Mais des loyers faramineux, une direction hasardeuse (quel est l'incapable qui a décidé de ne pas proposer de site de vente sur internet ? et j'en passe), une baisse massive du marché du disque (qui représentait la majorité de l'activité), puis de la vidéo, la crise qui fait du tort à la culture, Amazon qui détruit les librairies, etc., tout ça fait qu'après les États-Unis, l'Angleterre et de nombreux autres pays, c'est au tour de la France de voir disparaître les 26 derniers Virgin Megastore du territoire (il y en a eu jusqu'à une quarantaine) que Richard Branson avait vendus à Lagardère qui a revendu 80% à Buttler Capital, tout en gardant 14%, les 6% restant appartenant au PDG de Virgin Mobile.

En janvier, la direction dépose le bilan, pendant quelques mois, on espère une retructuration qui sauvera l'entreprise. Puis l'administrateur judiciaire déclare les magasins en cession. Pendant plusieurs semaines, on attend des repreneurs sérieux mais on doit se contenter d'une bande de branques qui entendent obtenir 11 magasins, la marque Virgin et plusieurs millions d'euros de stock pour 1,2 million d'euros (Rougier et Plé)... Toutes les propositions sont rejetés par le tribunal de commerce lundi 10 juin 2013.

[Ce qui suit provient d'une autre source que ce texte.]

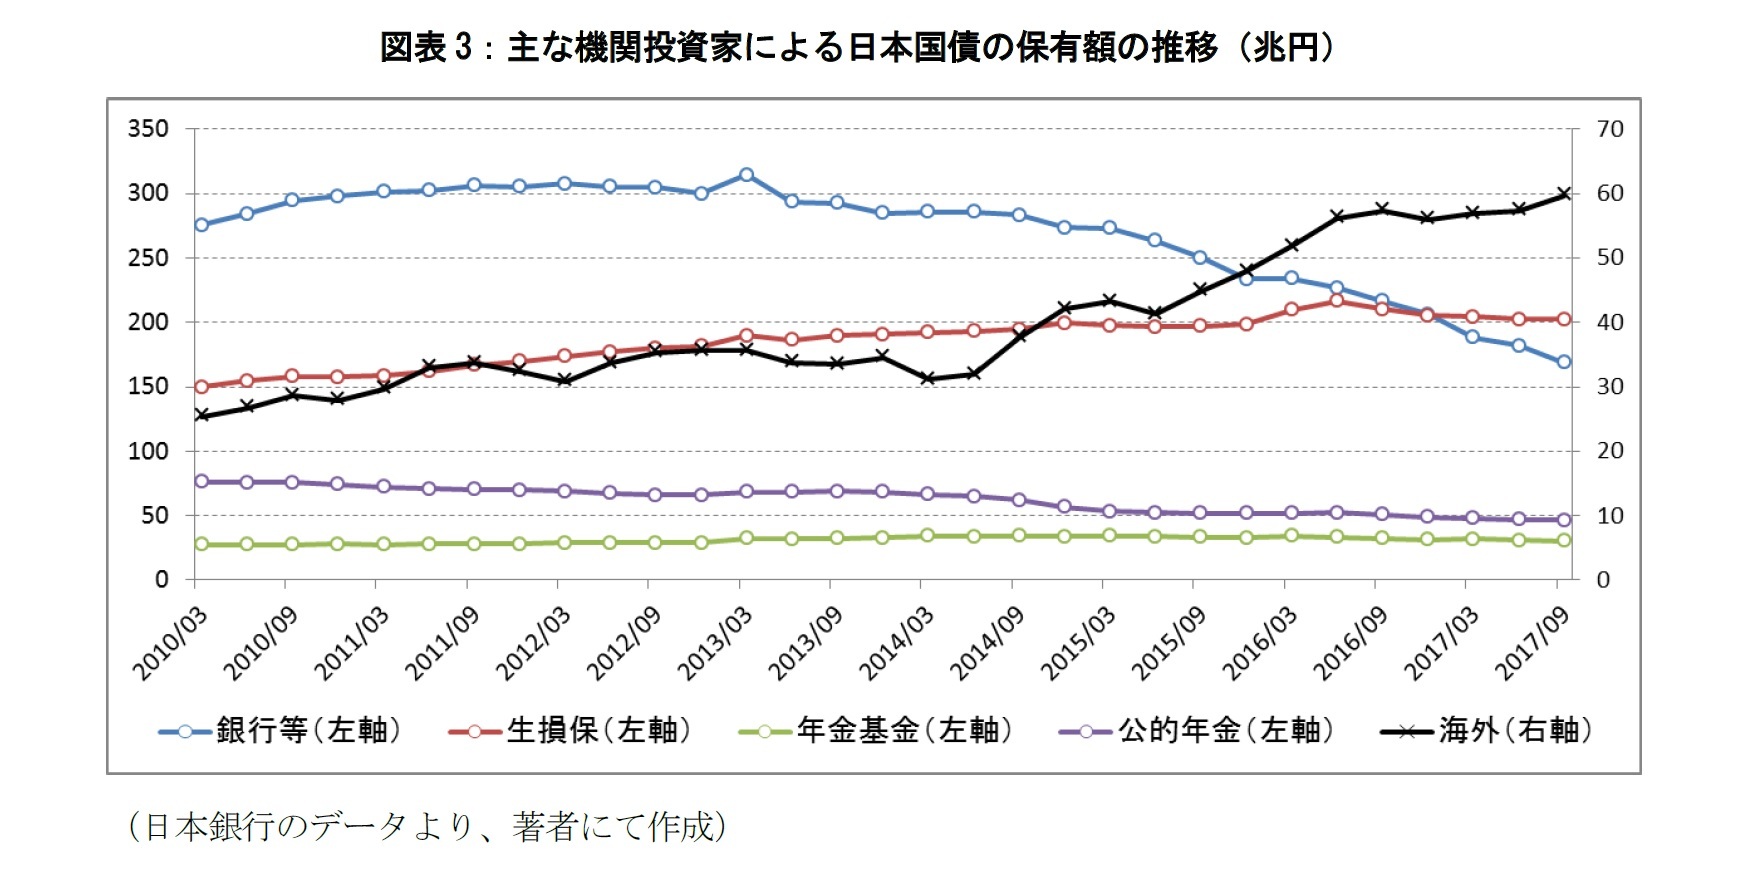 図表3：主な機関投資家による日本国債の保有額の推移（兆円）

Mardi matin, la direction annonce la fermeture de tous les magasins pour le vendredi 14 juin. Le jour même, quatre magasins sont occupés par les employés : celui des Champs-Élysées, de Barbès (Paris), de Rouen et de Strasbourg afin d'obtenir un PSE décent. 6 millions d'euros étaient au départ sur la table pour une entreprise qui compte encore 1000 salariés. Dont une grande partie de vendeurs spécialisés depuis des années en musique ou en vidéo qui ne retrouveront pas de travail dans leur branche et pour lesquels une réorientation semble indispensable. Mais l'argent disponible est loin de suffire puisqu'il ne dépasse pas le minimum légal (1/5e de salaire mensuel par année travaillée, donc 200 € pour un salarié au SMIC qui a un an d'ancienneté, 2000 € pour un salarié qui a dix ans de boîte). La direction décide alors de fermer immédiatement les 26 magasins de la chaîne pour des "raisons de sécurité". Quelques jours plus tard, Les Grands Boulevards à Paris, Dunkerke, Avignon et Plan de Campagne rejoignent la mobilisation.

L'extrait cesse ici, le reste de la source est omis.